* Prompt
Copying starts at the line containing "Poduszka do siedzenia" and stops after the last line of the records; each line is repeated exactly, and pictures are skipped.

[Records drawn from a dataset]
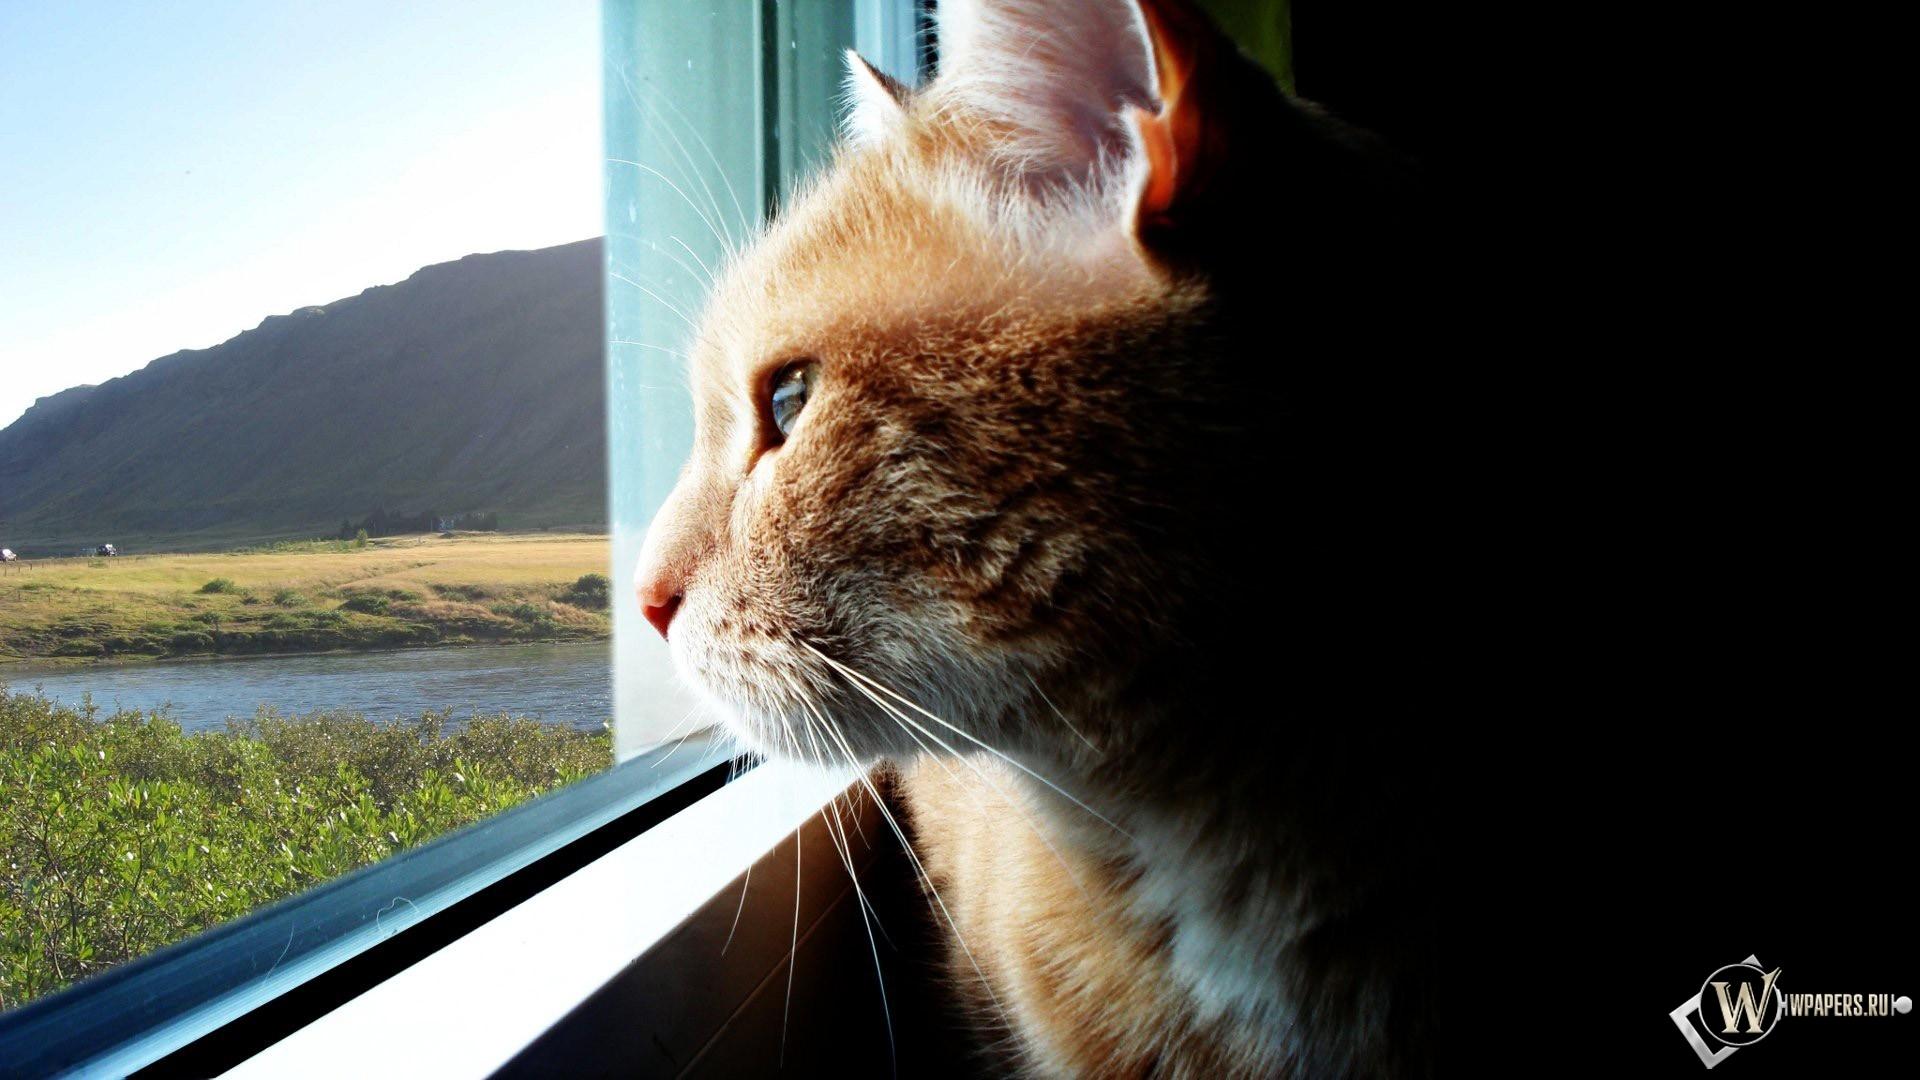 Кот смотрящий в даль 1920x1080
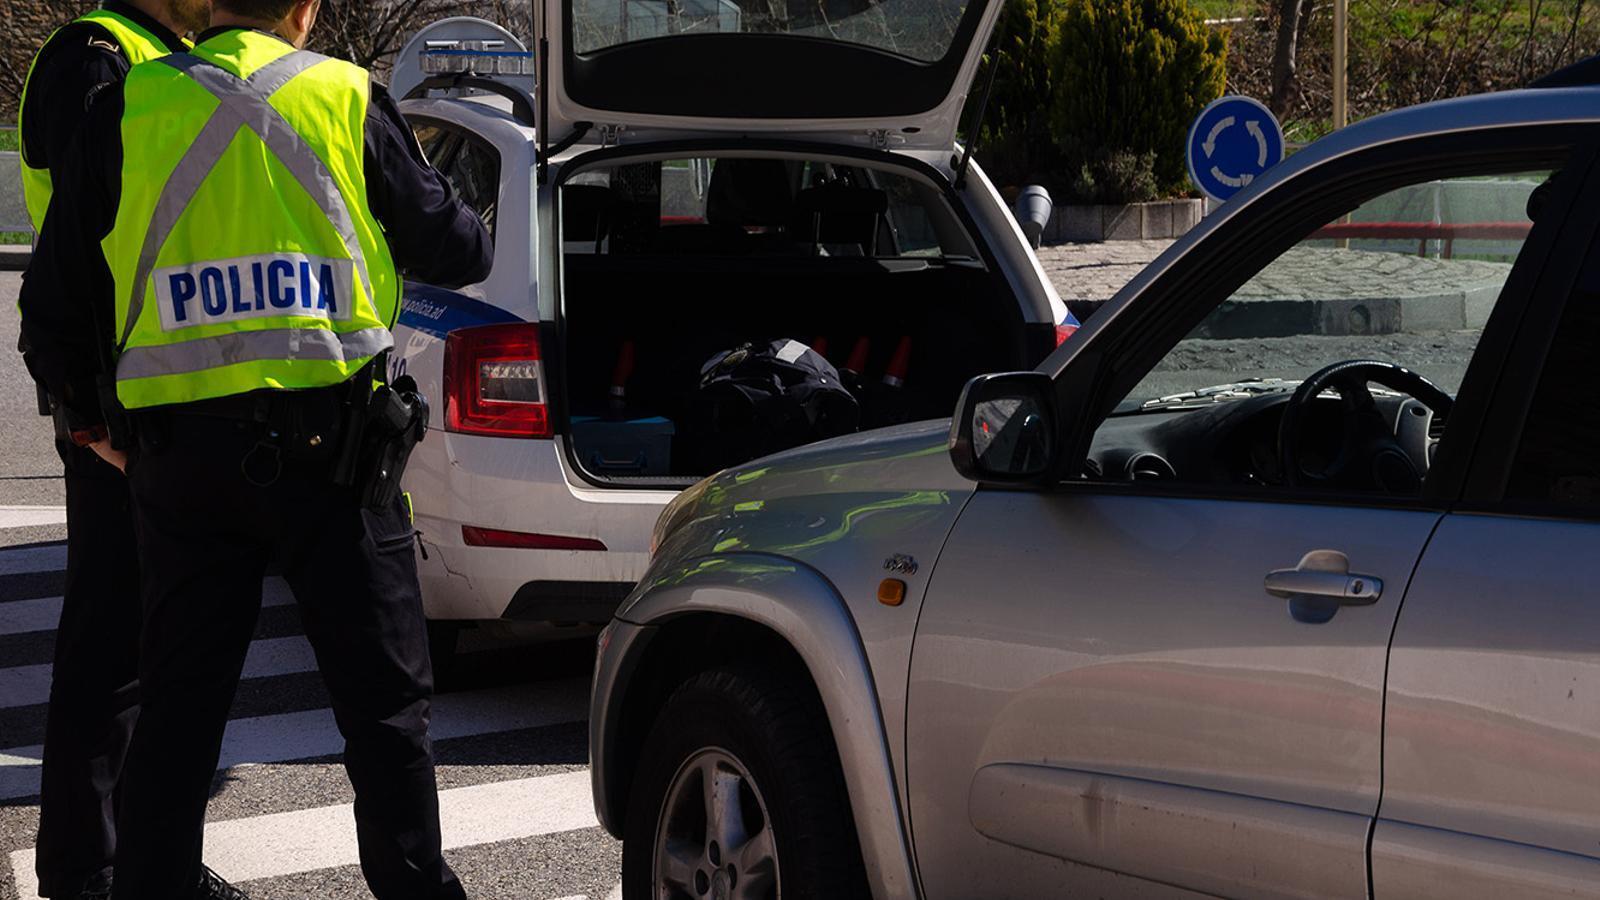 Dos agents de la policia durant un control. / ARXIU ANA
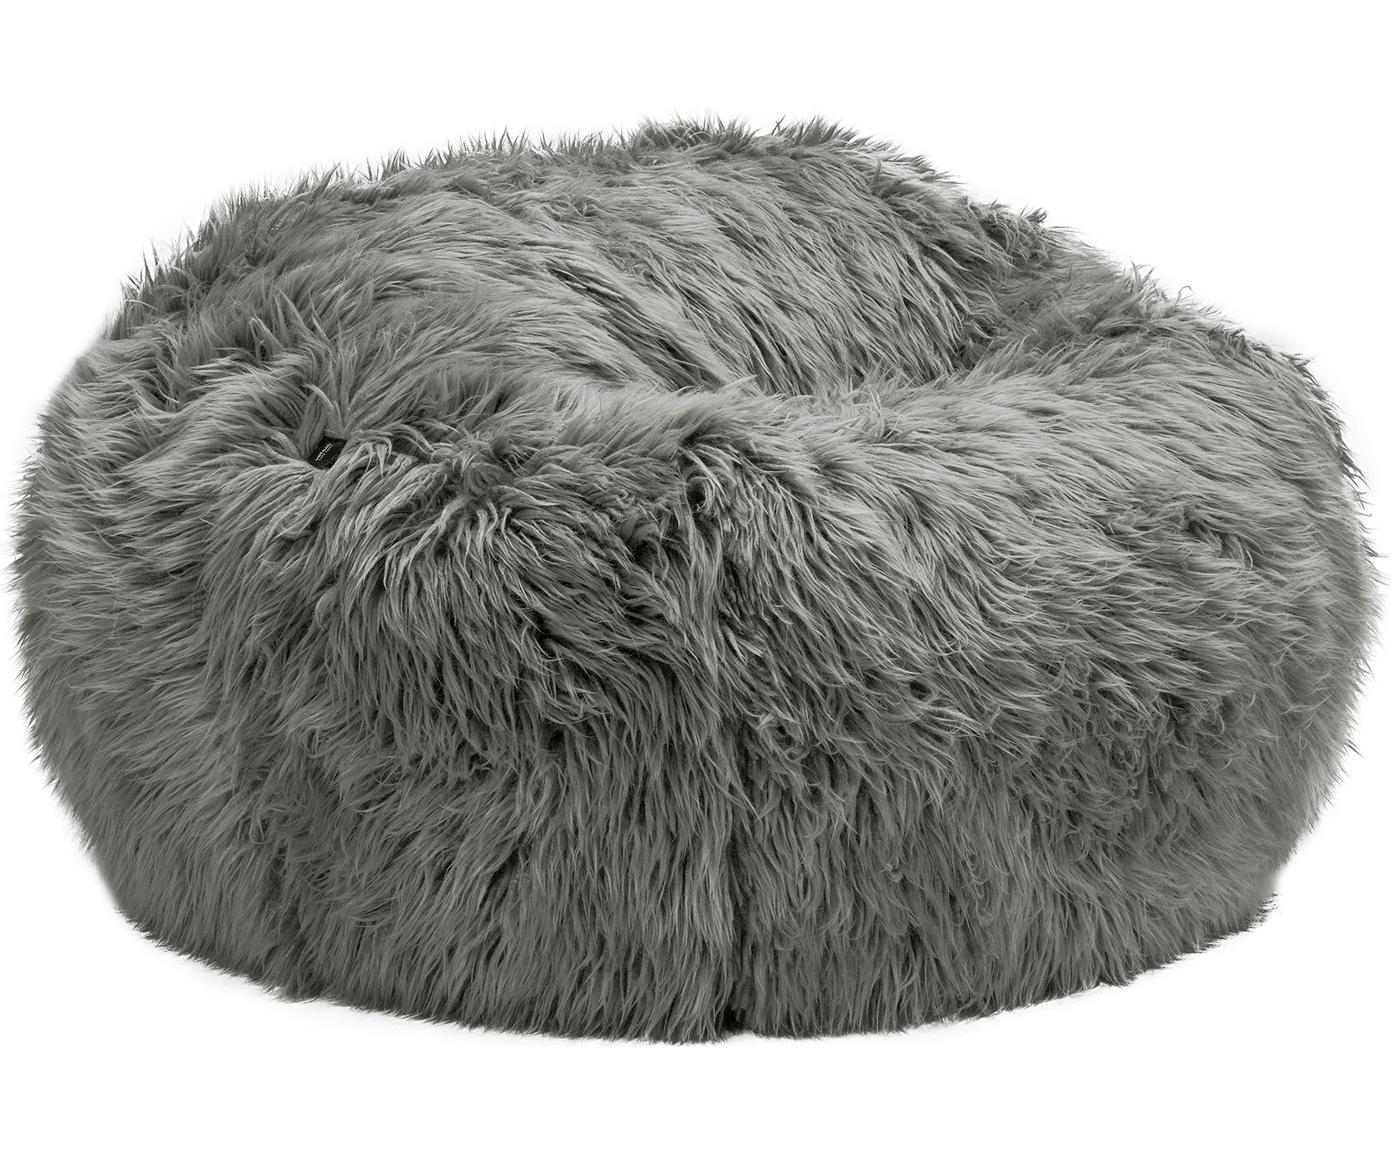 Poduszka do siedzenia z tworzywa sztucznego Flokati, Tapicerka: 95% akryl, 5% poliester 4, Szary, Ø 110 x W 70 cm
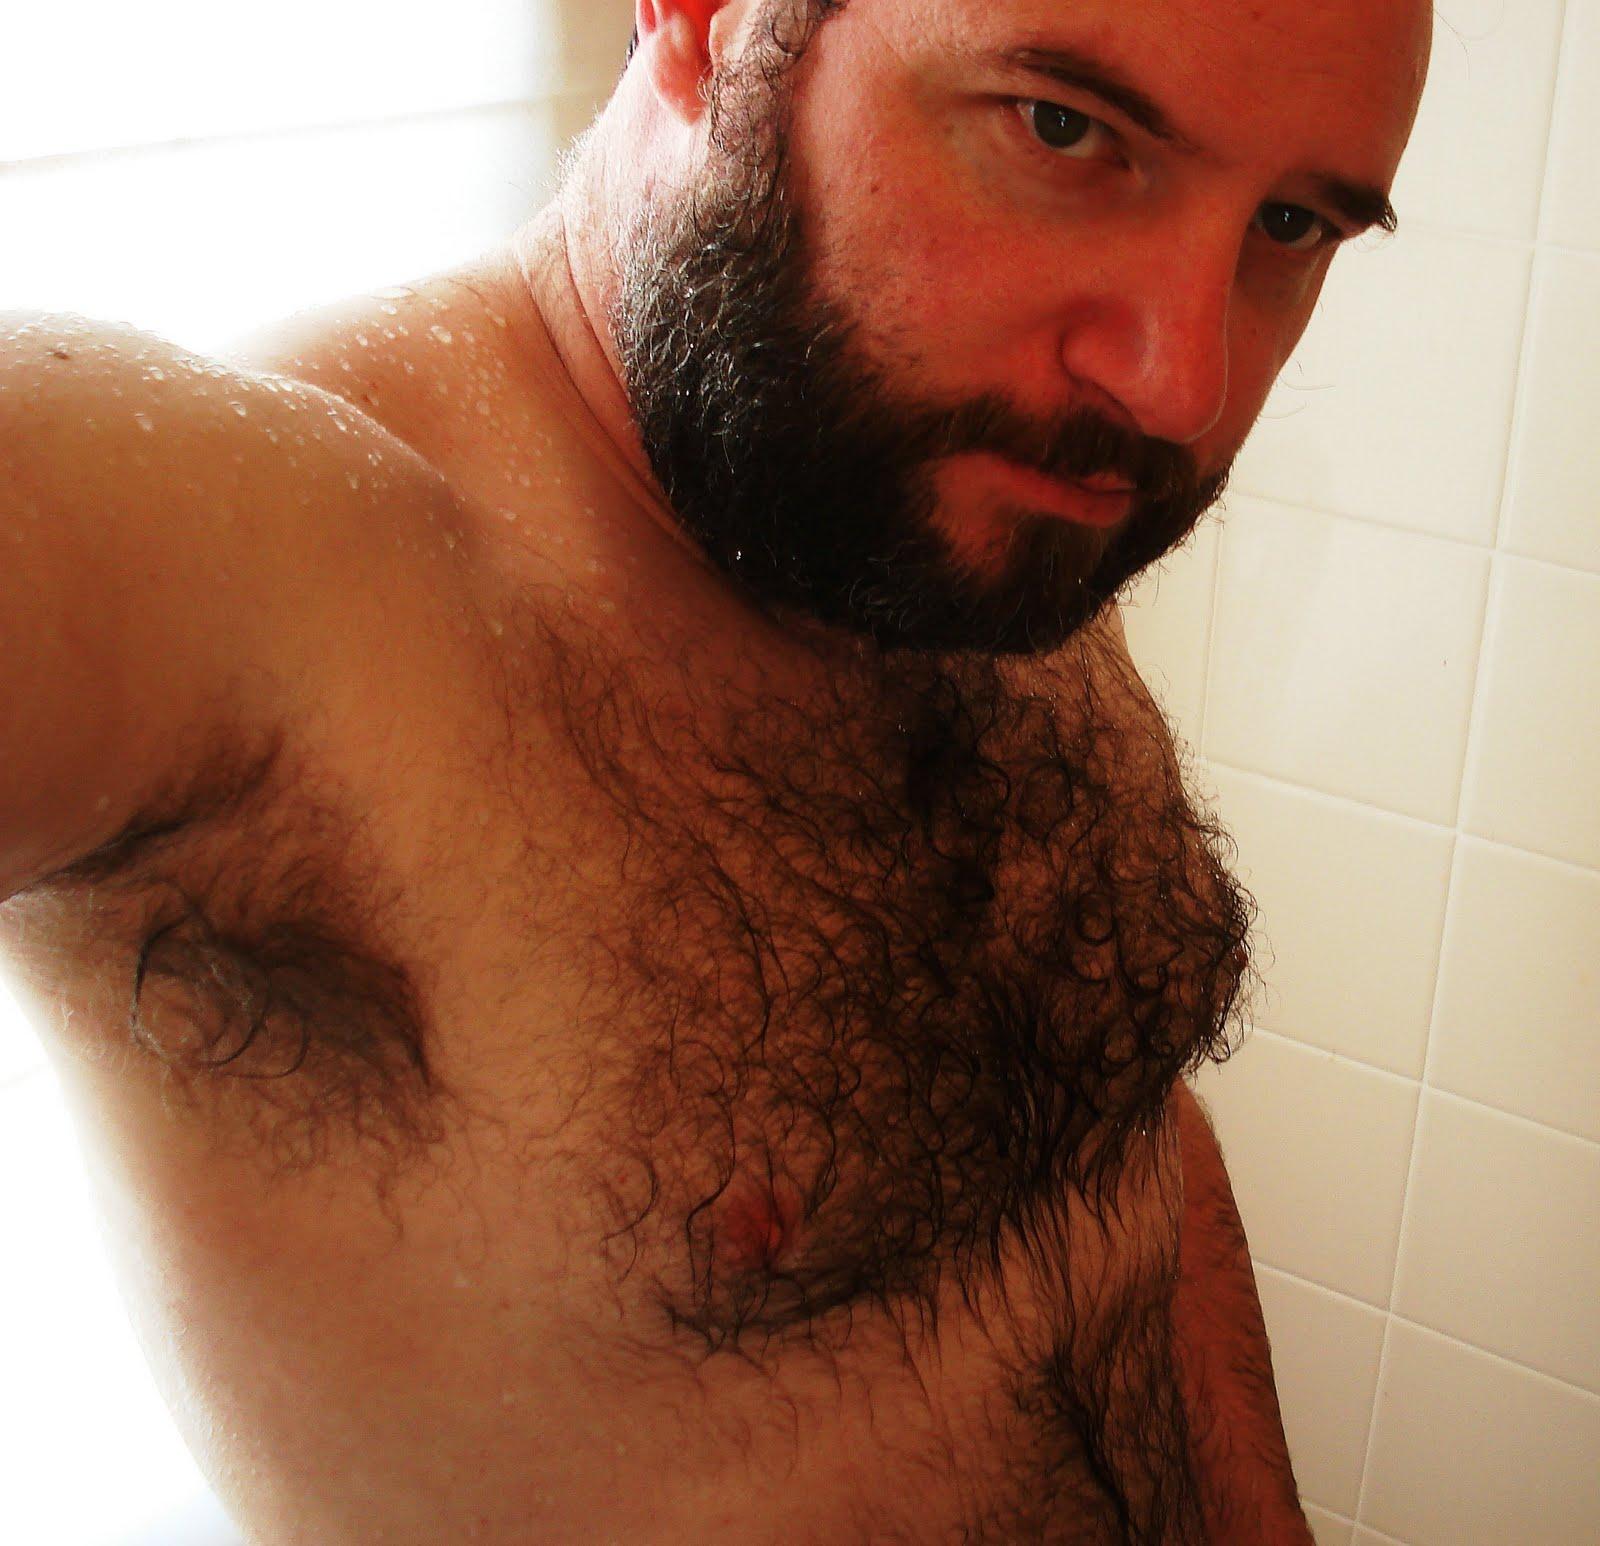 Justin timberlake nude penis
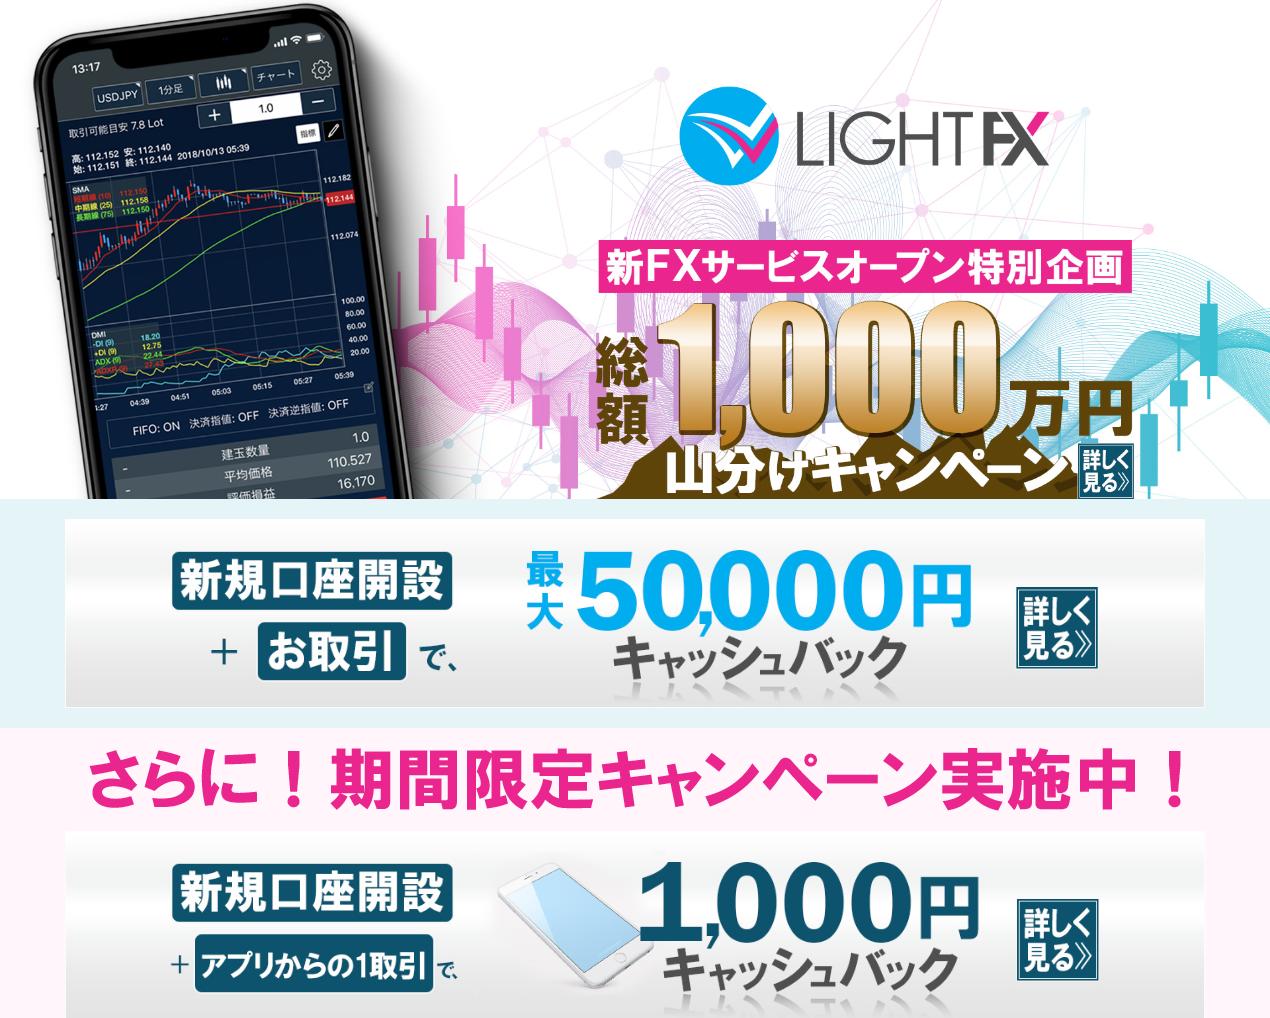 FireShot Capture 363 - FXはじめるならLIGHT FXで - https___lightfx.jp_LP_fx__AffiCode=134

* Task output
 Poduszka do siedzenia z tworzywa sztucznego Flokati, Tapicerka: 95% akryl, 5% poliester 4, Szary, Ø 110 x W 70 cm
 Justin timberlake nude penis
 FireShot Capture 363 - FXはじめるならLIGHT FXで - https___lightfx.jp_LP_fx__AffiCode=134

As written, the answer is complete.